Hope you find time answering my questions. Thank you.

Answer
From an economic perspective, this is a great question!

Thank to technological advances in communication, transportation, and the dissemination of information, our world has the potential to become highly integrated, a process called globalization.  As contact between nation becomes easier and cheaper than ever, the people of these nations will trade together in order to maximize sales and minimize costs.  The manner in which this is done can also cause people to be exposed to ideas and cultures from other nations as well, but it depends a lot on how these products are marketed.

In order to help explain this, let's look at something called the integration-responsiveness framework.  An image of the grid can be found here:
http://ars.els-cdn.com/content/image/1-s2.0-S0024630112000301-gr1.jpg

Each company, when they are interacting with people from another nation, must find the best balance of global integration, and domestic responsiveness.  That refers not only to the products themselves, but also the way the way a company portrays itself; the image that a company has in each nation.  For example, Pizza Hut is seen as a cheap and easy food delivery option in the US, but in China it markets itself as a high-end, dine-in restaurant for people seeking classy foreign food.  The food itself changed a little bit (there are a few original pizza toppings available), but the image they created for themselves changed a lot.  So, when Pizza Hut changed their products and images, they also changed how much of American culture the Chinese were being exposed to.

Culture is really just a collection of ideas; things we've been brought up to believe, including the manner in which we should behave and interact with others.  When we are exposed to new ideas and new cultures, often people will begin to accept and even adopt parts of another culture that they see as useful, interesting, novel, or otherwise beneficial.  Once kids in the US were exposed to Japanese animation, that part of Japanese culture became very popular in the US because it was better than animation in the US.  Some of the people in the US that enjoyed Japanese animation went on to try other aspects of Japanese culture; some became popular (sushi), while others did not (Japanese music).  No cultural traits will become popular unless the people of another nation are exposed to it, though, and the amount of another culture that people are exposed to depends entirely on economics.  Why economics?  Well, economics defines and drives our exposure to other nations.  We go to other nations seeking employment, we can buy some goods more cheaply from other nations, our companies can sell more products by selling to a larger number of customers than 1 nation can provide, we can gain unique products and innovations that aren't otherwise available, and when resources are limited people fight to maintain control over what little exists (like oil).  In short, our drive to travel the world comes, in large part, from our need to trade.

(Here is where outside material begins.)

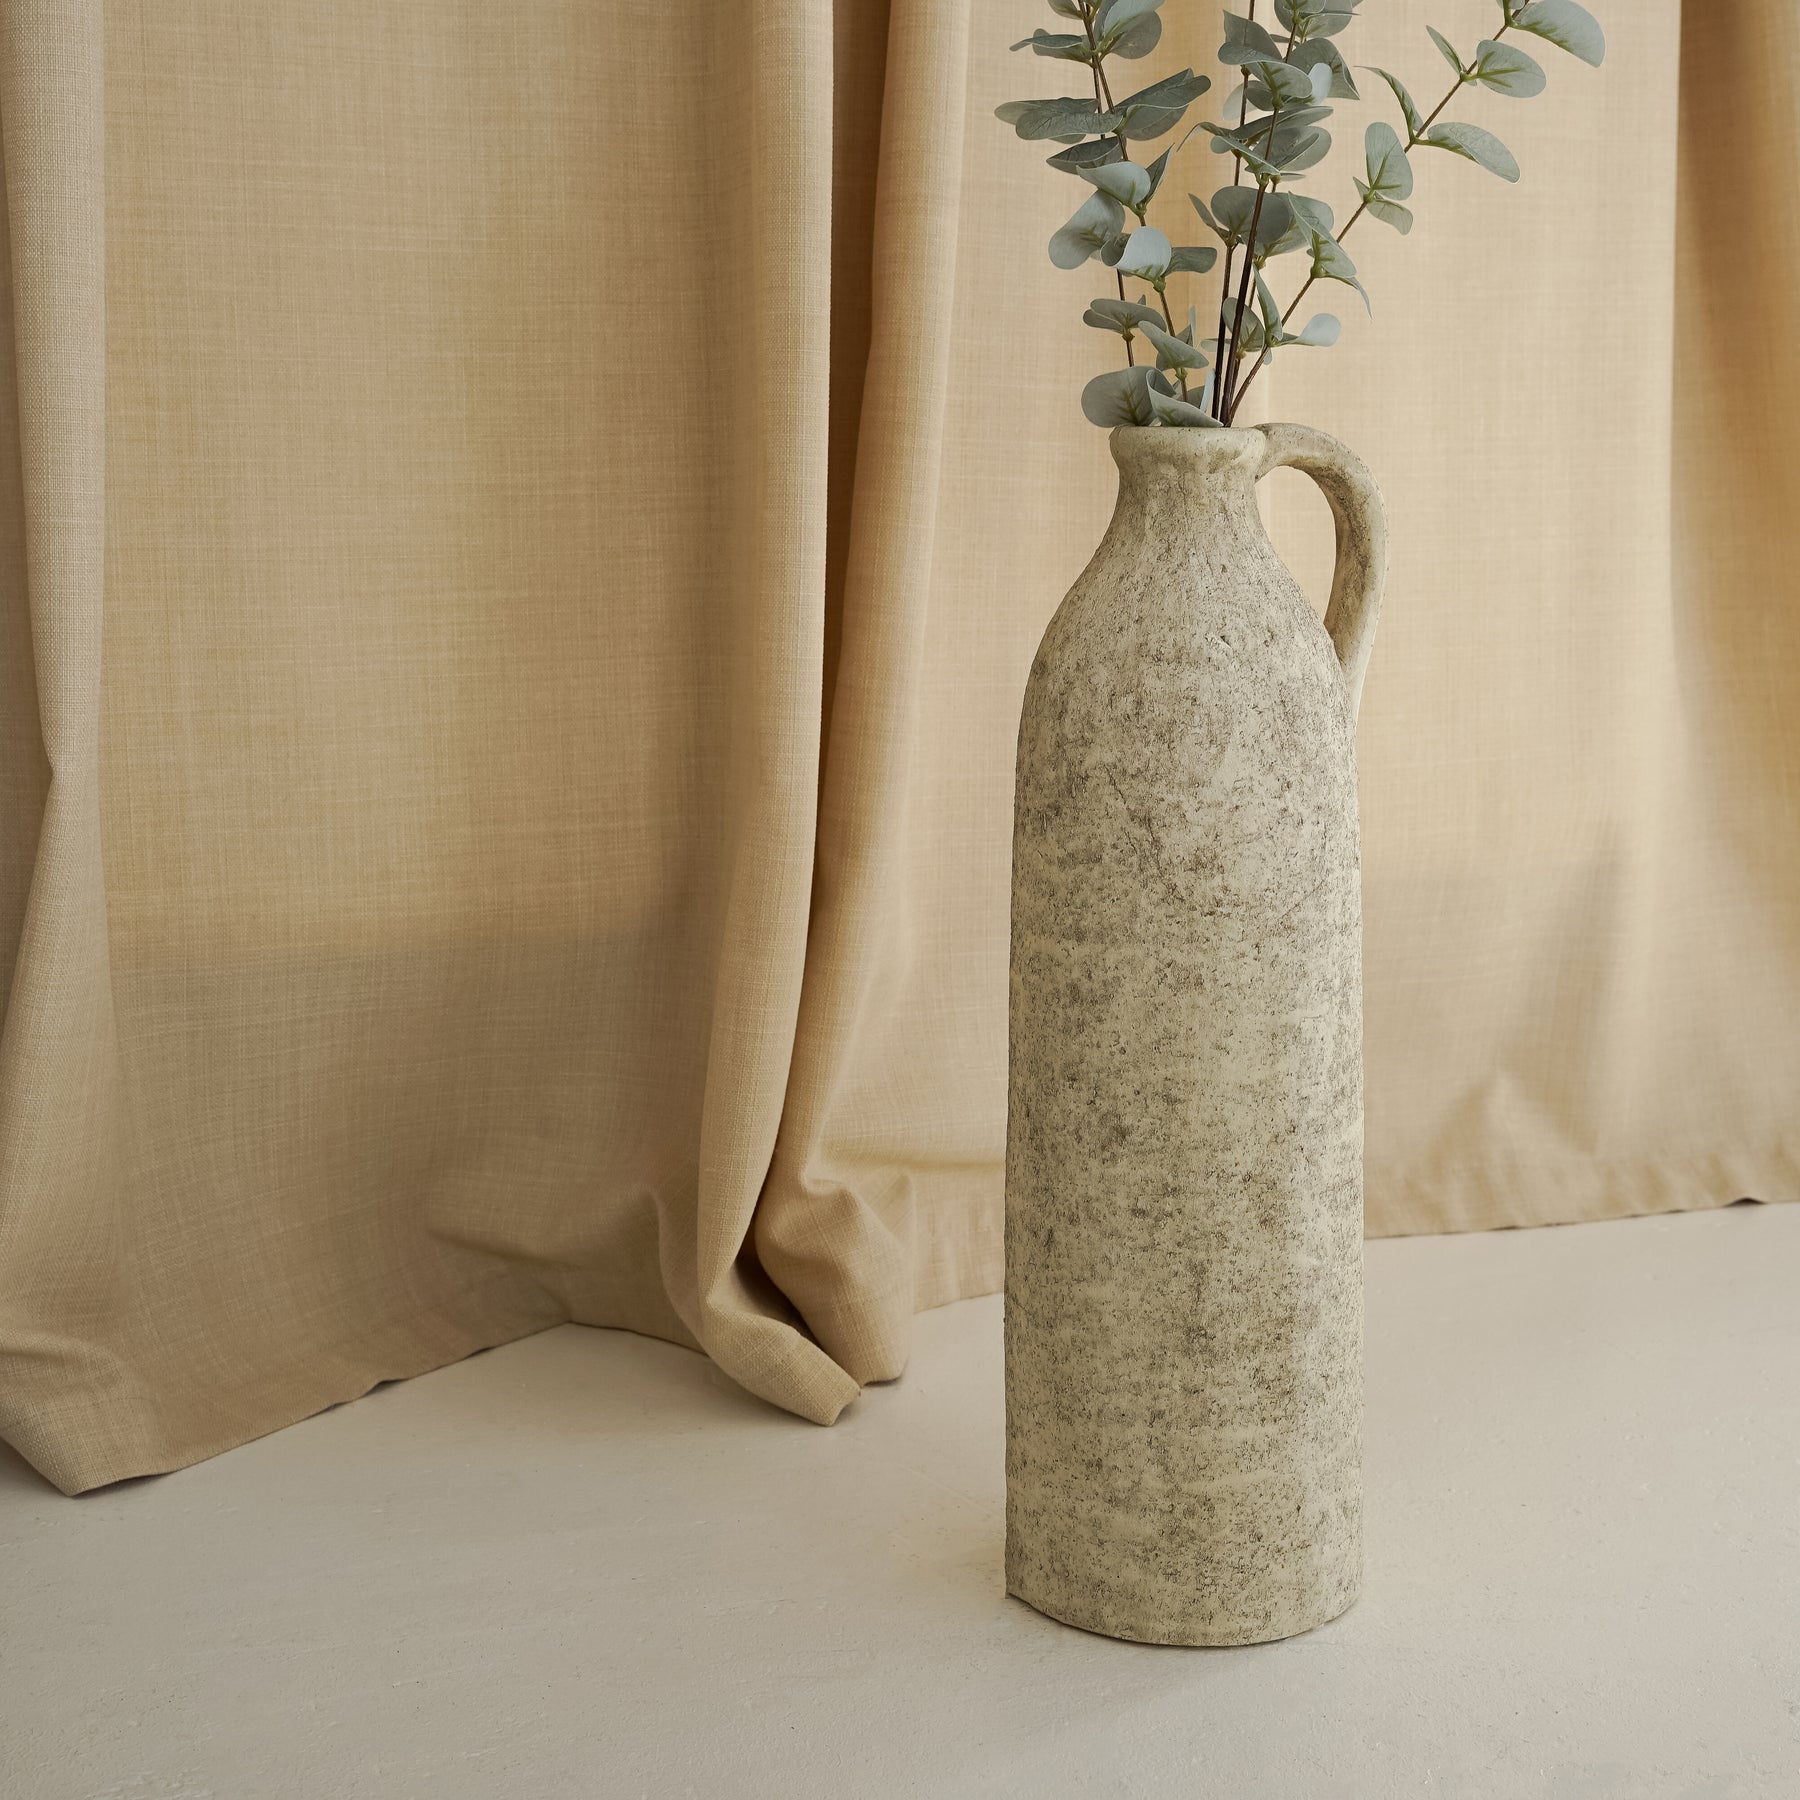 Beige Textured Terracotta Large Vase with plants

So how does a company decide whether to be internationally integrative or responsive?  It's all about maximizing sales and minimizing costs.
International Strategy (low integration, low responsiveness): This means that a company is taking no efforts to customize products to the needs of locals, and intends to keep their business strategy focused on the local level.  An example would be Maserati; they sell the same product everywhere in the world and don't combine the efforts of offices around the world much at all.  This can help other nations become exposed to a culture because a company with this strategy will still encompass only their own national culture, rather than being incorporating any other cultures to make sales, but with low-integration, they may not get much exposure.  In other words, they may show very pure cultural traits, but it may not spread far since they are not globally integrated.
Global Strategy (high integration, low responsiveness): This means the organization takes efforts to bring-together its branches from around the world in a coordinated effort, exposing workers from around the world to each other, in order to sell a single, unchanging product-line.  So, this type of company will expose the world to the products of their home nation.  Honda was a good example of this in the early 20th century, but then they actually changed the car-culture around the world as many nations adopted not only the Japanese designs, but also their business operations to remain competitive.  A very-high degree of cultural universalism being exerted, here.
Multinational Strategy (low integration, high responsiveness): These companies will attempt to customize their products to meet the needs of each nation, but control it from a single location.  These companies contribute the least to cultural universalism because not only do people have the least amount of exposure to other cultures through organizational integration, but the products themselves do not necessarily represent the culture of the company's home nation.  This is also often where cultural mistakes are made, because the people of one culture assume they can understand the needs of other cultures.  Proctor & Gamble is an example of this.
Transnational Strategy (high integration, high responsiveness): Hershey.  Hershey is a chocolate company that has headquarters all over the planet, has cross-national directors, and changes their recipe for each nation.  As a result, everyone knows about Hershey because of their high integration, but their high responsiveness means that they aren't representing any single culture; they are representing all cultures in their respective nations, so each nation isn't really exposed to anything new.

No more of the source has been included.